Imagine you plot your data points on a graph, with hours studied on the X-axis and exam scores on the Y-axis. Linear regression finds the line that minimizes the total distance (errors) between itself and all these points.

The mathematical formula of a simple linear regression line is:

Y = mX + b

Where:

Y is the predicted score (dependent variable)
X is the number of hours studied (independent variable)
m is the slope of the line
b is the intercept

How to Perform Linear Regression in Python

Step 1: Installing Python and Required Libraries

If you don’t have Python installed, you can download it from python.org. Python comes with a package manager called pip, which lets you install libraries, collections of code other people wrote that help you do specific tasks.

We will use a library called scikit-learn, which makes performing linear regression easy.

Open your command prompt (Windows) or terminal (Mac/Linux) and type:

pip install scikit-learn

This installs the tools we need.

Step 2: Writing Your First Linear Regression Program

Open any text editor or an environment like Jupyter Notebook or VS Code, then write the following code step by step.

Step 3: Import Python Libraries

First, we import the libraries. Think of this as bringing tools to your workspace.

from sklearn.linear_model import LinearRegression  # To perform linear regression
import numpy as np  # For working with numbers and arrays

Step 4: Prepare Your Data

We need to create some example data — the number of hours studied and the corresponding exam scores.

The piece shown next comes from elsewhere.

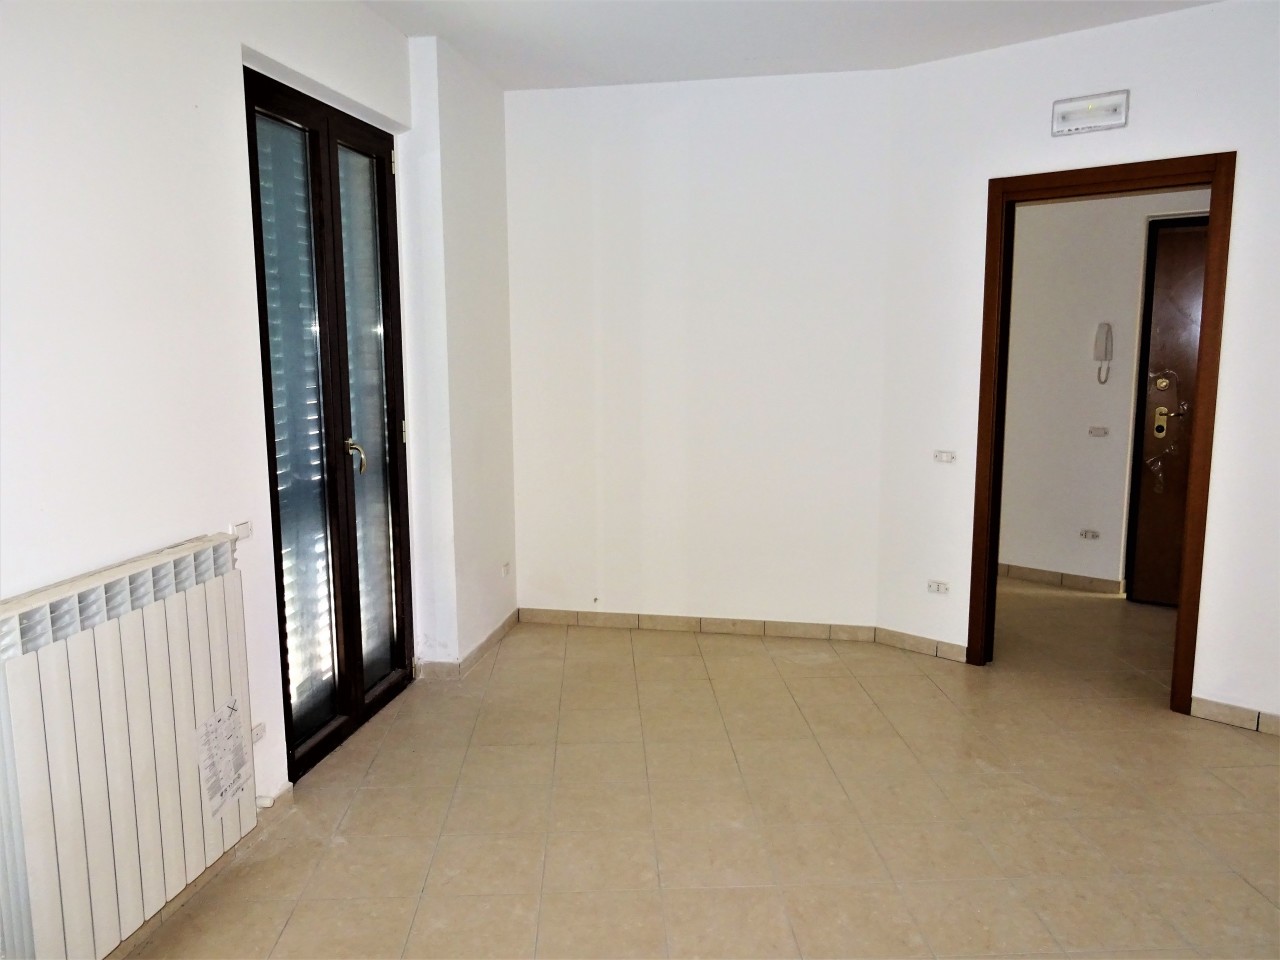 Appartamento in vendita a Ostra Vetere, 3 locali, prezzo € 220.000 | PortaleAgenzieImmobiliari.it

# Hours studied (independent variable)
hours_studied = np.array([1, 2, 3, 4, 5]).reshape(-1, 1)

# Exam scores (dependent variable)
exam_scores = np.array([50, 55, 65, 70, 75])

np.array creates an array (a list of numbers).
.reshape(-1, 1) changes the shape of our data so Python understands it’s a column, which is needed for scikit-learn.

Step 5: Create the Linear Regression Model

Now, we create the model and teach it to find the best-fit line.

model = LinearRegression()
model.fit(hours_studied, exam_scores)

model.fit() tells Python to find the line that best fits the data.

Step 6: Get the Results

We want to know the slope and intercept — the parameters of our line.

print("Slope (m):", model.coef_[0])
print("Intercept (b):", model.intercept_)

This will print the slope and intercept.

Step 7: Make Predictions

Suppose you want to predict the exam score for someone who studied 6 hours.

predicted_score = model.predict([[6]])
print("Predicted exam score for 6 hours of study:", predicted_score[0])

Full Python Code Together

from sklearn.linear_model import LinearRegression
import numpy as np

# Data
hours_studied = np.array([1, 2, 3, 4, 5]).reshape(-1, 1)
exam_scores = np.array([50, 55, 65, 70, 75])

# Create model and train
model = LinearRegression()
model.fit(hours_studied, exam_scores)

# Results
print("Slope (m):", model.coef_[0])
print("Intercept (b):", model.intercept_)

# Prediction
predicted_score = model.predict([[6]])
print("Predicted exam score for 6 hours of study:", predicted_score[0])

Linear regression is just the start. As you learn more, you can explore multiple variables, more complex models, and real datasets.
Practice running this code and changing the numbers to see how predictions change.
Python and scikit-learn make it easy to bring statistical concepts to life with just a few lines of code.